HPC scheduler can't allocate cores as job requested. RRS feed

  • Question

  • We noticed hpc can't allocate core to the job under certain condition. We think it is hpc scheduler issue and could affect other hpc users not just us. The following test can be easily done to reproduce the issue.

    Test platform
    HPC 2016, windows server 2016 with all recent update on a compute node with 72 cores (4 sockets x 18 cores/socket). This issue also happens on hpc2012R2 update3, windows server 2012R2 on any system over 64 core.

    Test work loader
    We treid both consume.exe from windwos 2003 resoruce kit and intel linpack. Both give us same result.  You can try any command which  can make core busy.

    Test procedure
    1. submit a job request 18 cores.
    2. Wait till 18 core job running and processor busy on first 18cores (from task manager you can see the usage).
    3. submit a job request 36 cores.

    Expected result
    we should see 75% usage of total cpu usage.

    Actually result
    only see 50% usage of total cpu usage.

    Possible reason.
    MS Windows will divide cores into 2 kgroups if system has total core over 64. On a system with 72 cores, group 1 contains 36 cores and group 2 contains 36 cores as well. You can verify this by task manger group drop down menu. In my test, the first 18-core job will use half of total cores in group 1. For test step 3, hpc will try to allocated the next 18 cores on group 1 and first 18 cores on group 2 for 36core job. Somehow this across group core allocation fails and only the 18core on group 1 can be allocated. This is why test workloader only use 50% of not 75%. If we changed sequence, submit 36core job first then 18core job, the cpu usage will be 75% because there is no job hpc will try to allocate core across the group.

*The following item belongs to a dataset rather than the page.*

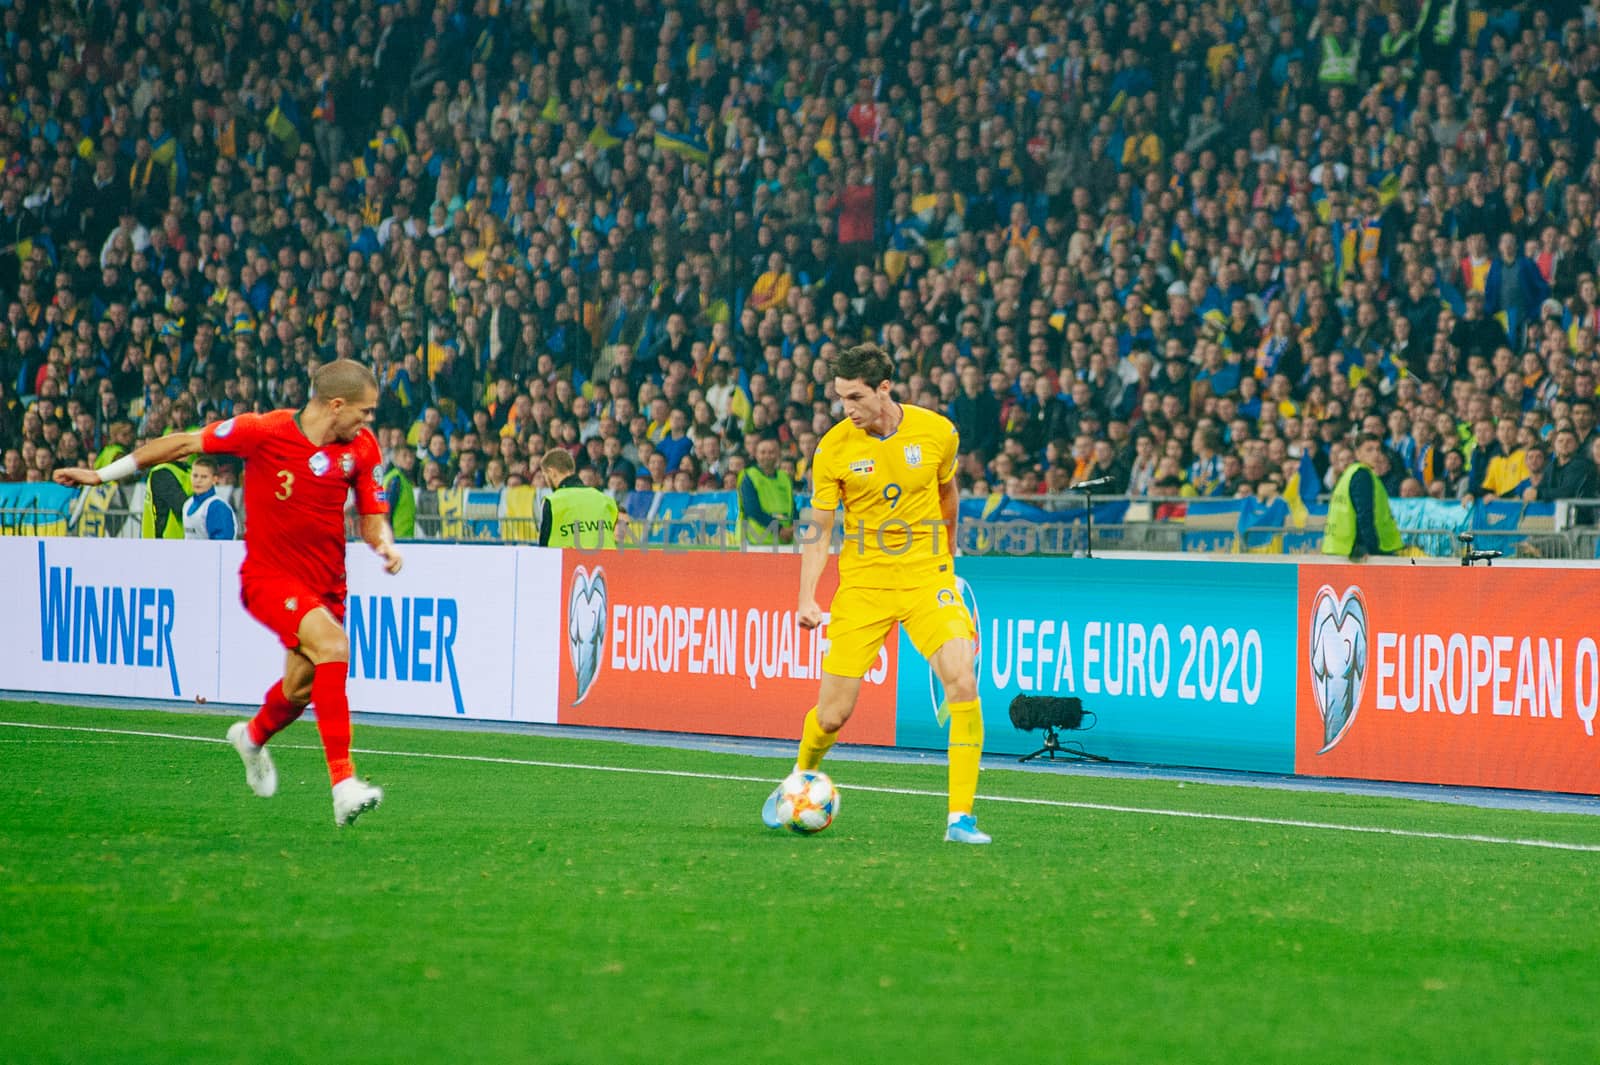 Kyiv, Ukraine - October 14, 2019: Roman Yaremcuk, forward of Ukraine during the match of EURO 2020 vs Portugal at the Olympic Stadium

    Could HPC developper give it a try?

    • Edited by lijun1234 Wednesday, July 26, 2017 3:09 PM
    Monday, July 24, 2017 5:43 PM

All replies

  • Hi Jun,

      Thanks for reporting this issue. We will have a try at our side and update this thread when we have findings.

    Qiufang Shi

    Tuesday, July 25, 2017 4:15 AM
  • Hi Jun,

      We currently don't have servers with 64 cores for compute purpose (The ones with more cores are now hyperV host which limits the host OS to 64 logical cores as max). Thus if possible, could you reach us through "HPCPack@microsoft.com" so that we can provide you a private bits with more logs help us identifying the issue? Otherwise, we have to wait until there is hardware resource for validating the issue.

    Qiufang Shi

    Wednesday, July 26, 2017 1:39 AM
  • Thanks for the quick responding. Will do.
    Wednesday, July 26, 2017 2:59 PM